Exercise brief: Print the data verbatim. Leave every image out.

[Opening Dataset extract section]

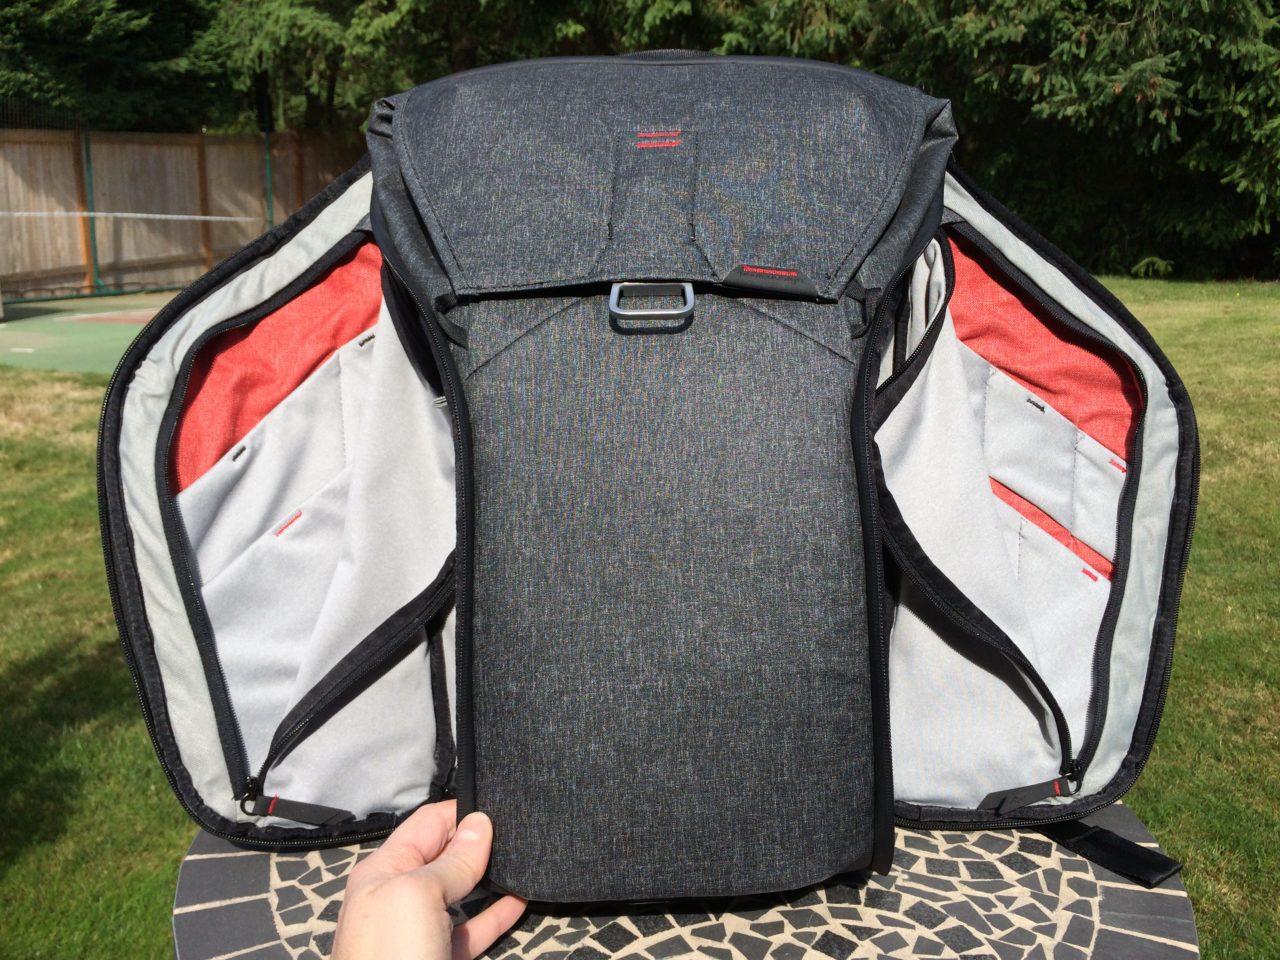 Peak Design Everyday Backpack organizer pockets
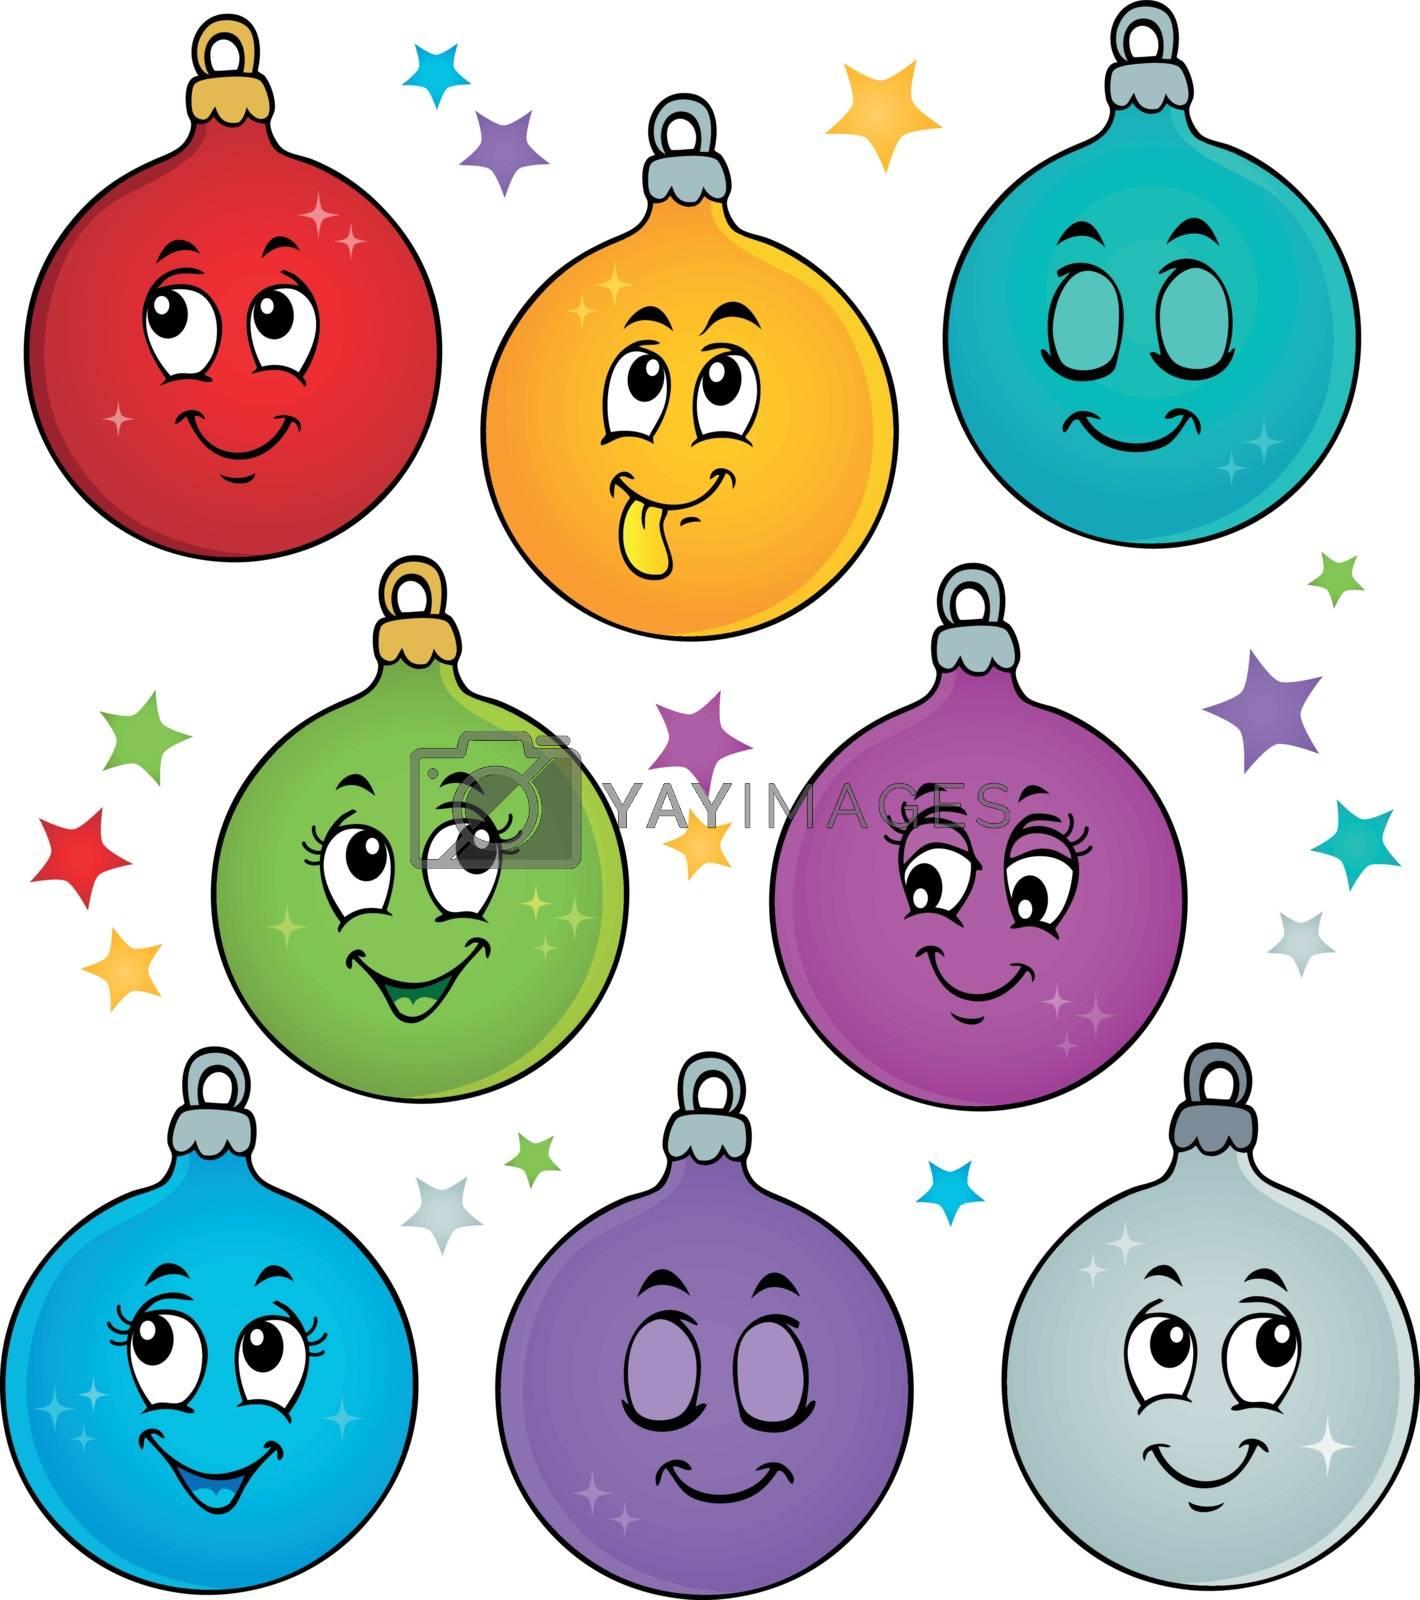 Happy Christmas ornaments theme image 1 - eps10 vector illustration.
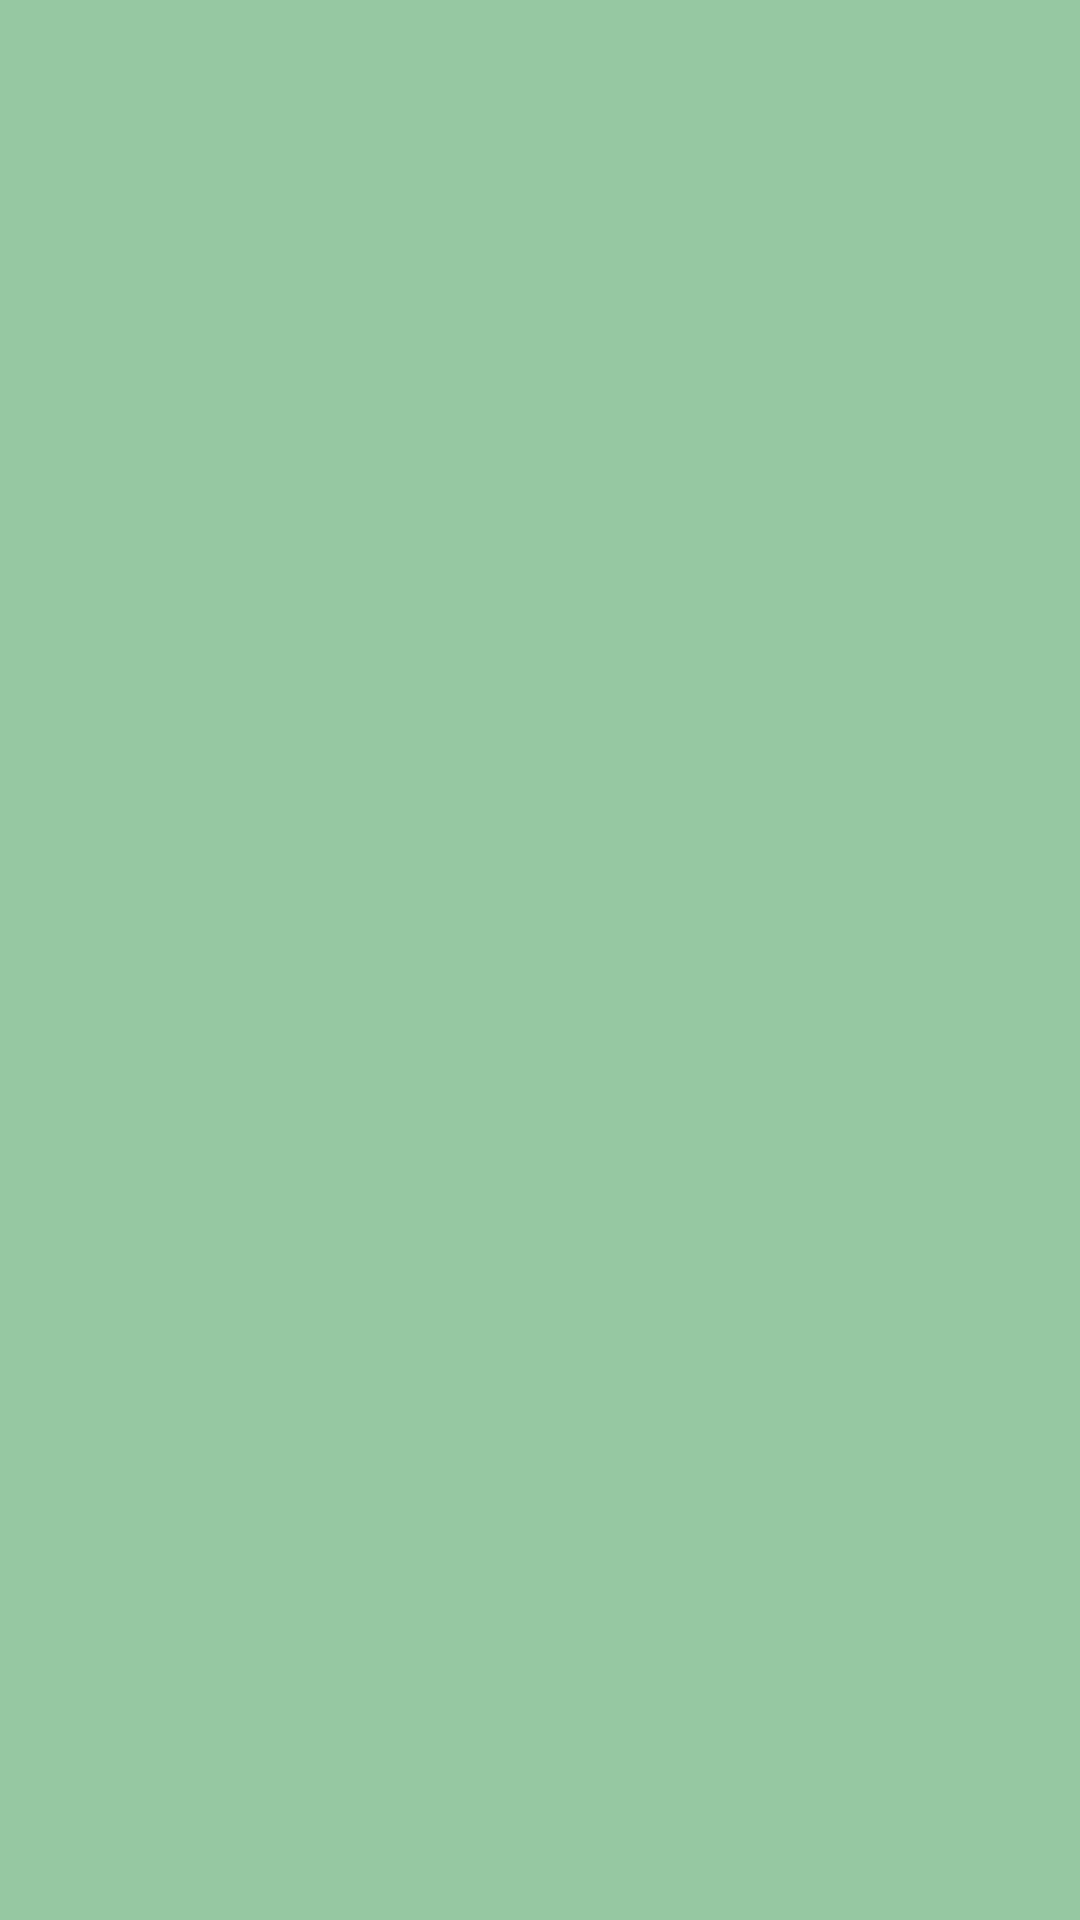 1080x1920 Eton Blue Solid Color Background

[Closing Dataset extract section]

Response to this task:
 Peak Design Everyday Backpack organizer pockets
 Happy Christmas ornaments theme image 1 - eps10 vector illustration.
 1080x1920 Eton Blue Solid Color Background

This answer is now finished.